A[🤖 Agent] --> B[🔍 Resolve Runtime]
B --> C[(Cache)]
C -->|hit| E[✅ Execute]
C -->|miss| F[🏗️ Create Runtime]
F --> C
F --> E
end
classDef agent fill:#8B0000,stroke:#7C90A0,color:#fff
classDef process fill:#F59E0B,stroke:#7C90A0,color:#fff
classDef cache fill:#189AB4,stroke:#7C90A0,color:#fff
classDef success fill:#10B981,stroke:#7C90A0,color:#fff
class A agent
class B,F process
class C cache
class E success
Update the target model at any time — the next invocation automatically picks up the change because agent.chat() reads the live llm value.
from praisonaiagents import Agent
researcher = Agent(
name="Researcher",
instructions="Research the topic and summarise it",
llm="gpt-4o-mini",
)
writer = Agent(
name="Writer",
instructions="Write a polished article",
llm="gpt-4o-mini",
handoffs=[researcher],
)
# Swap the researcher to a different model at any point
researcher.llm = "claude-3-sonnet"
# The next invocation automatically uses claude-3-sonnet for the researcher
writer.start("Research and write about ocean currents")Use get_runtime_cache and clear_runtime_cache to debug or force a fresh resolution.
from praisonaiagents.runtime import get_runtime_cache, clear_runtime_cache
# See what runtimes are cached across sessions
cache = get_runtime_cache()
for session_id, entries in cache.items():
for cache_key, (runtime, cached_at) in entries.items():
print(f"{cache_key}: {runtime.provider}/{runtime.model_ref}")
# Force fresh resolution for a specific session
clear_runtime_cache(session_id="session_123")

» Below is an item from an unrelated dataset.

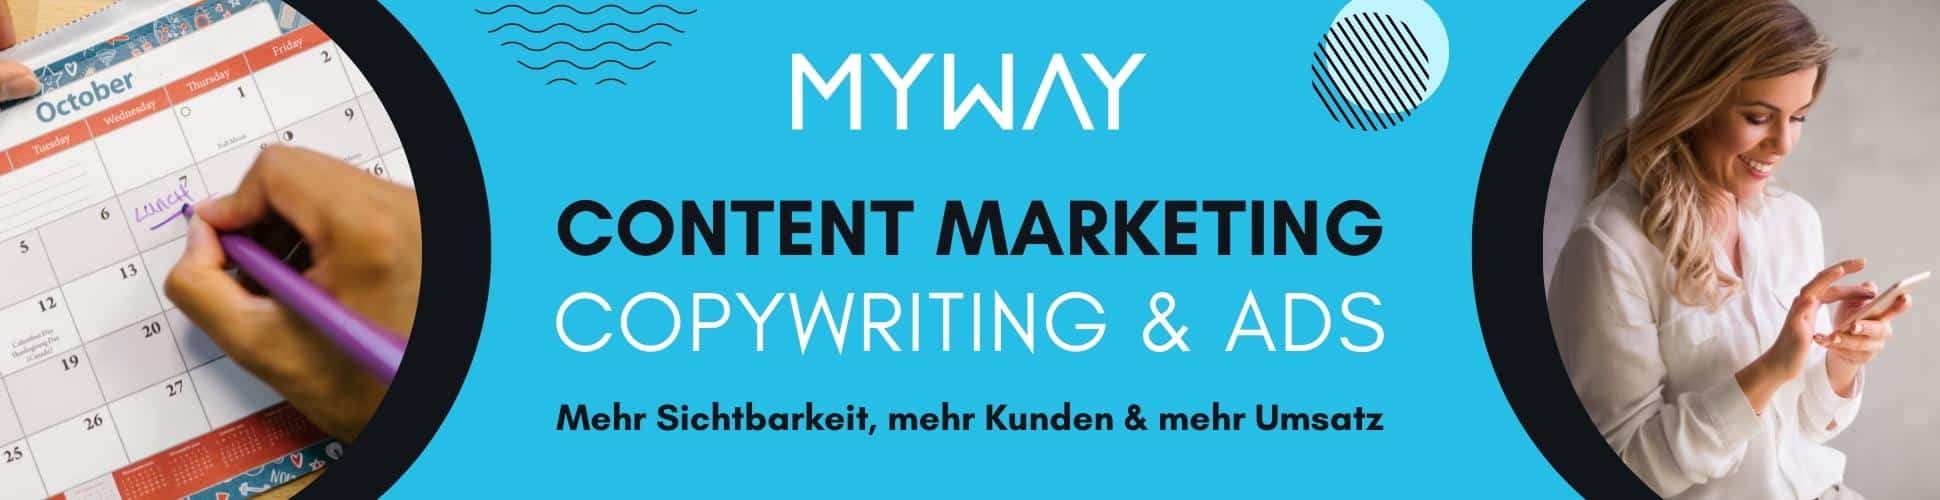 myway digital marketing pakete content marketing copywriting und werbeanzeigen

# Clear all cached runtimes
clear_runtime_cache()Override the built-in resolver to control how models map to runtimes.
from praisonaiagents import Agent
from praisonaiagents.runtime import (
set_global_resolver,
SessionContext,
)
from praisonaiagents.runtime.resolve import (
RuntimeResolver,
AgentRuntimeProtocol,
LLMRuntimeWrapper,
)
from praisonaiagents.llm.llm import LLM
class MyResolver(RuntimeResolver):
def supports_model(self, model_ref: str) -> bool:
return model_ref.startswith(("gpt-", "claude-", "my-model-"))
def resolve(self, agent_id, model_ref, session_ctx, **kwargs):
# Route "my-model-*" to a custom endpoint
if model_ref.startswith("my-model-"):
llm = LLM(model="gpt-4o-mini", api_base="https://my.endpoint/v1")
else:
llm = LLM(model=model_ref)
return LLMRuntimeWrapper(llm=llm, model_ref=model_ref, agent_id=agent_id)
set_global_resolver(MyResolver())
agent = Agent(name="MyAgent", instructions="Help users", llm="my-model-fast")
agent.start("Hello!")The subsystem reads the agent's current llm (or model) attribute at invocation time, not at construction time.
sequenceDiagram
participant User
participant Agent
participant RuntimeSubsystem
participant Cache
User->>Agent: start("Research and write...")
Agent->>RuntimeSubsystem: resolve(agent_id, current_llm)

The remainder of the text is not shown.